This is the R function I wrote to run the model and compute the two LOO-CV versions:

validfit <- function(species, model, no_zHOUSE, no_zWEEK, WEEK2DAY, doforward, doexactloopdi, T_est, pareto_k_threshold, chains, warmup, iter, savetofile) {
  # This function return a list containing the stanfit object for the given model fitted to the whole data, the matrix defining the forward simulations if doforward==1, the loo() output for this with PSIS-approximated elpd (expected log posterior density) replaced by the exact elpd for the data points with pareto-k value above pareto_k_threshold, elpd_tilde_loo_psis which is forgetting the group association of the left-out data point (again with exact loo if the pareto-k value is above pareto_k_threshold), SE_elpd_tilde_loo_psis which is the standard error of the latter, and a vector with the indices of the data points with pareto-k value above pareto-k_threshold
  # pareto_k_threshold = 0.5 or at most 0.7 is recommended
  #species is currently either 'gamb' or 'fune'
  
  ## preparations
  if(chains <= 1) {stop("needs multiple chains")}
  
  options(mc.cores = parallel::detectCores())
  library('rstan')
  rstan_options(auto_write = TRUE)
  library("loo")
  
  model_file <- paste0("./", model, ".stan", collapse = NULL)
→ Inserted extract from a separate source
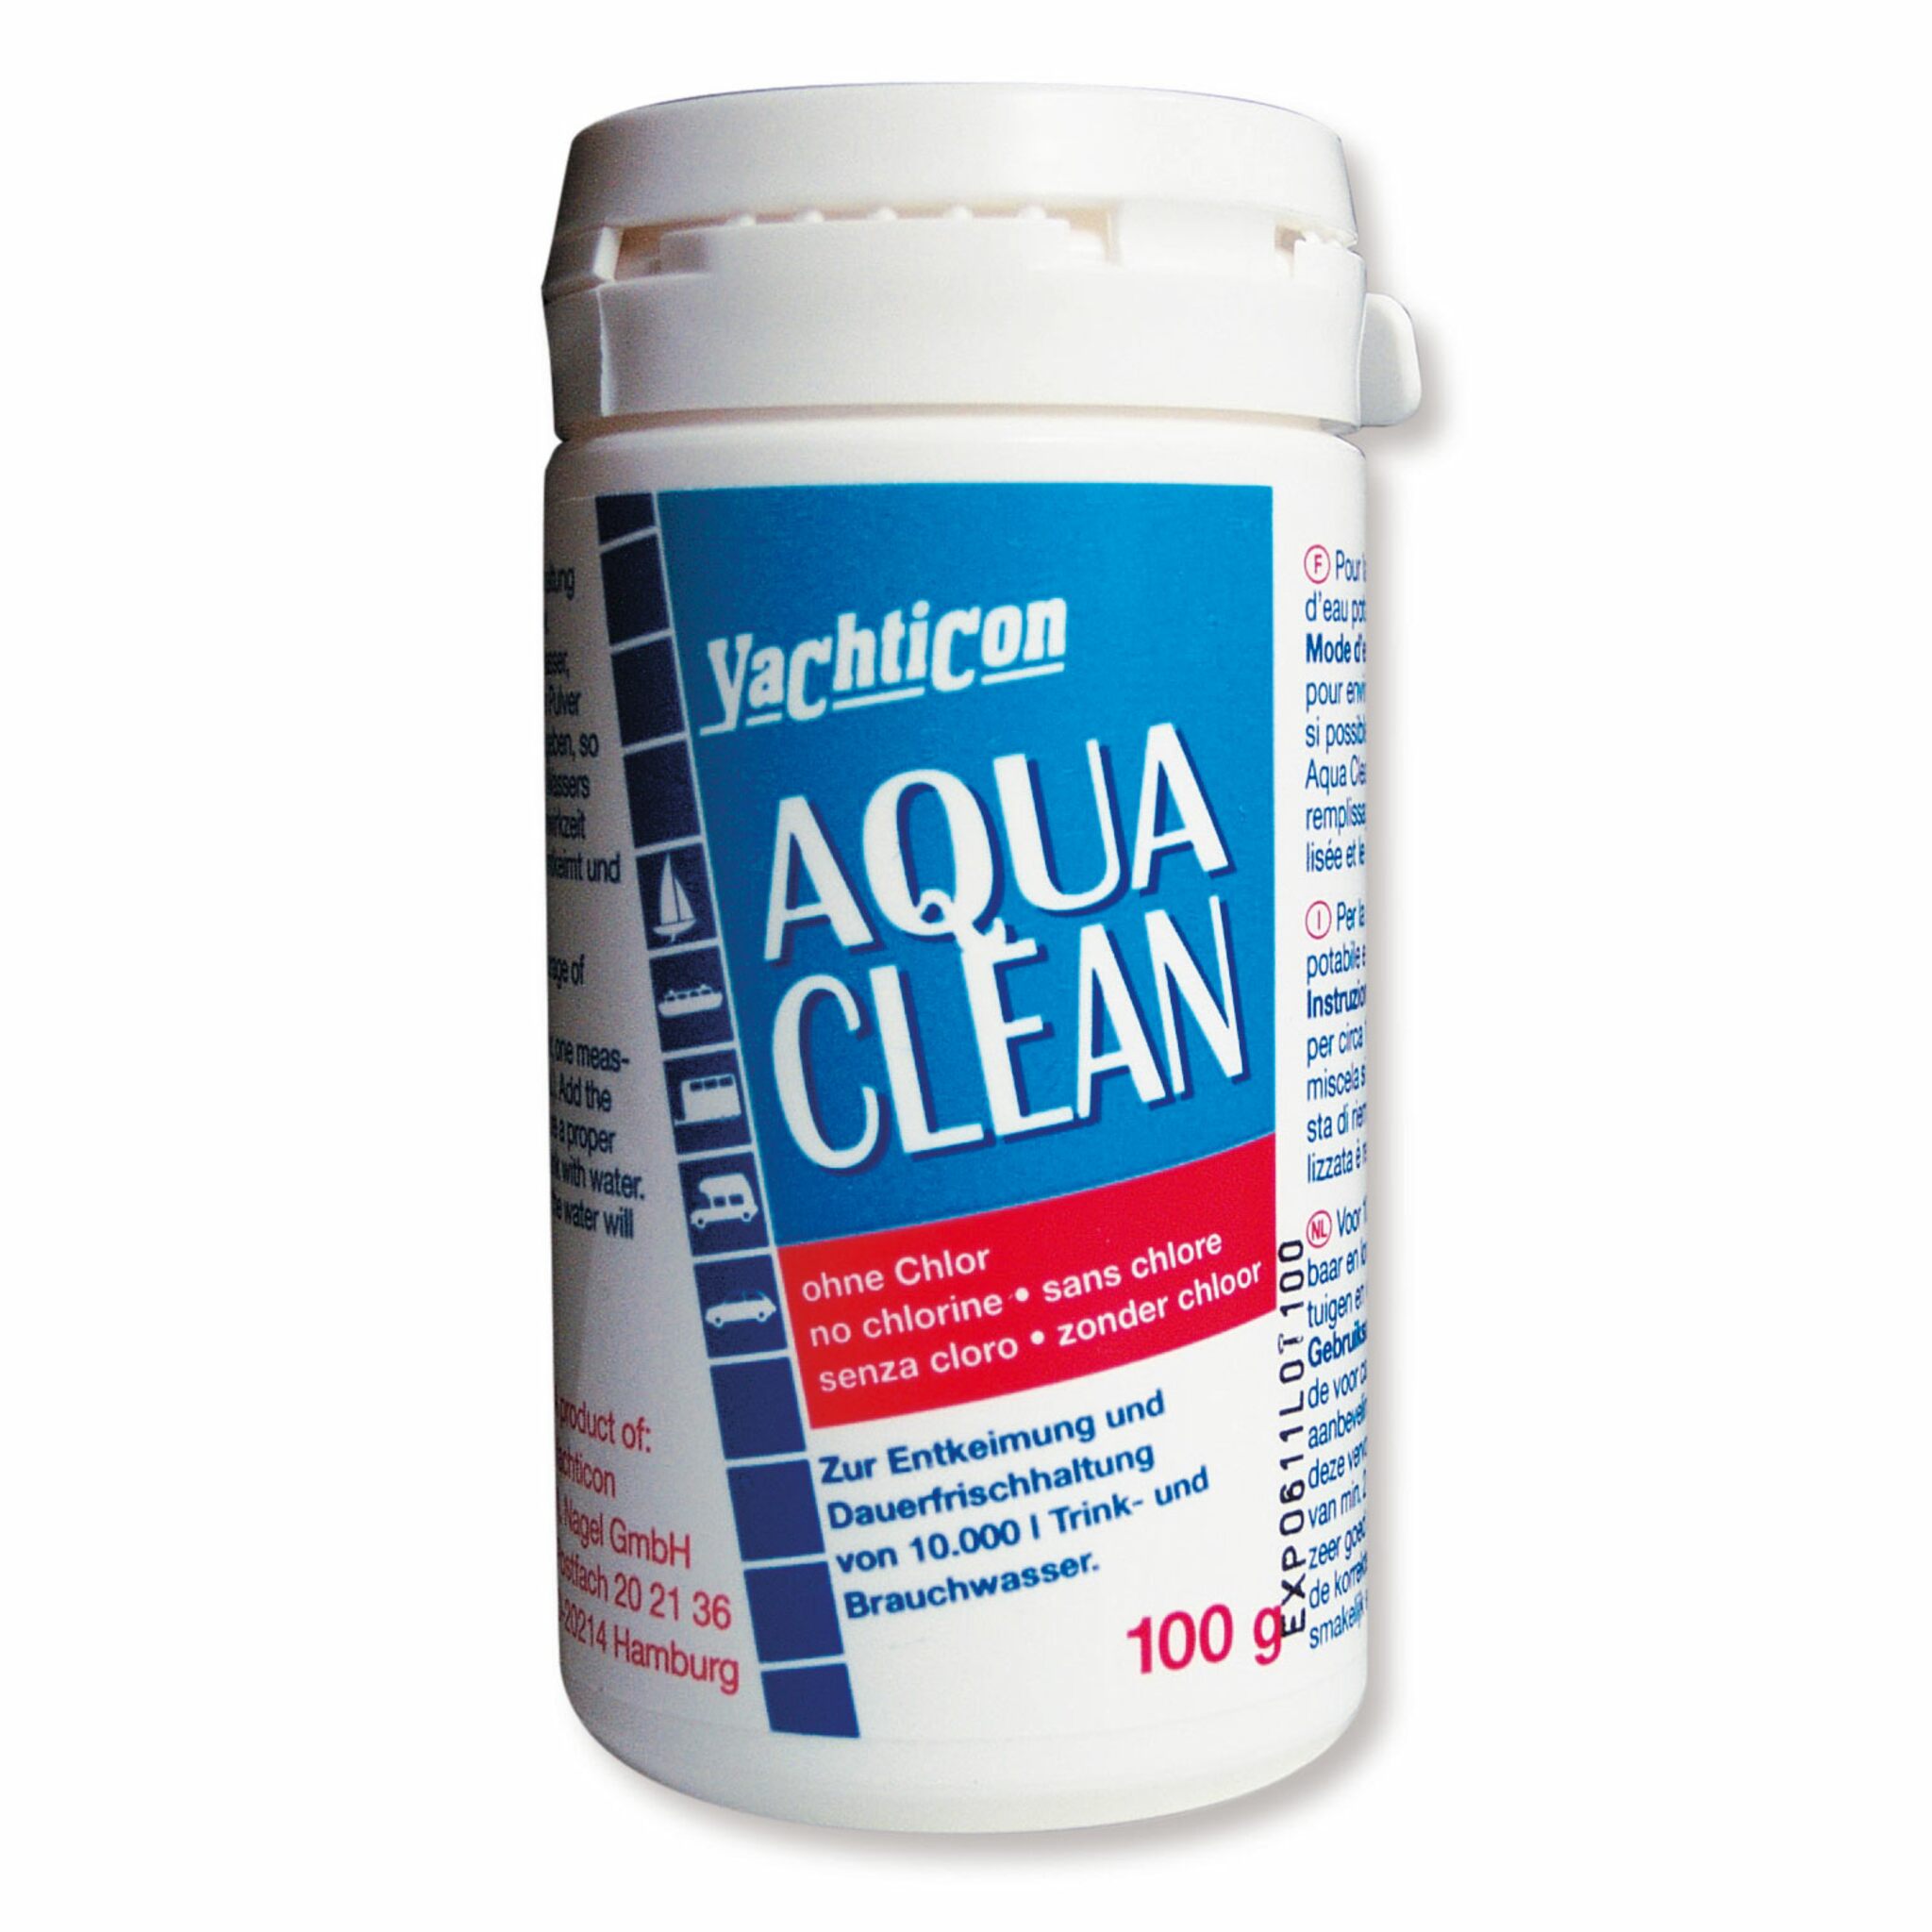 Yachticon Aqua Clean 100 g Pulver, reicht für 10000 l

  m <- stan_model(file = model_file)  # Stan program
  
  ## fit model to whole data
  input_stan <- data_stan(species=species, doexactloopdi=0, T_est, index=NA, doforward=doforward, no_zHOUSE=no_zHOUSE, no_zWEEK=no_zWEEK, WEEK2DAY)
  sim <- input_stan$sim
  fit <- sampling(
    m, 
    data = input_stan,    # named list of data
    chains = chains,      # number of Markov chains
    warmup = warmup,      # number of warmup iterations per chain
    iter = iter,          # total number of iterations per chain
    control = list(adapt_delta = 0.8),
    show_messages = FALSE
  )
  
  ## LOO-CV by PSIS with using group association of left-out data point for prediction
    log_lik <- loo::extract_log_lik(fit, merge_chains = FALSE) # Extract pointwise log-likelihood
    
    # as of loo v2.0.0 we can optionally provide relative effective sample sizes
    # when calling loo, which allows for better estimates of the PSIS effective
    # sample sizes and Monte Carlo error
    r_eff <- relative_eff(exp(log_lik))
    loo_ <- loo(fit, r_eff = r_eff, save_psis=TRUE) # CHECK ORDERING OF ELEMENTS IN PSIS_OBJECT IN TERMS OF SAMPLE
    I <- pareto_k_ids(loo_, threshold = pareto_k_threshold) # extracting the indices of data points with pareto-k estimate above pareto_k_threshold
  
  
  ## LOO-CV by PSIS with forgetting group association, storing pointwise, sum and SE to be computed further down
    omega <- loo::weights.importance_sampling(loo_$psis_object, log=FALSE, normalize = TRUE) # check what is meant with log scale and if normalisation is done on the right scale
    log_p_tilde <- rstan::extract(object=fit, pars='log_lik_2', permuted = TRUE, inc_warmup = FALSE, include = TRUE)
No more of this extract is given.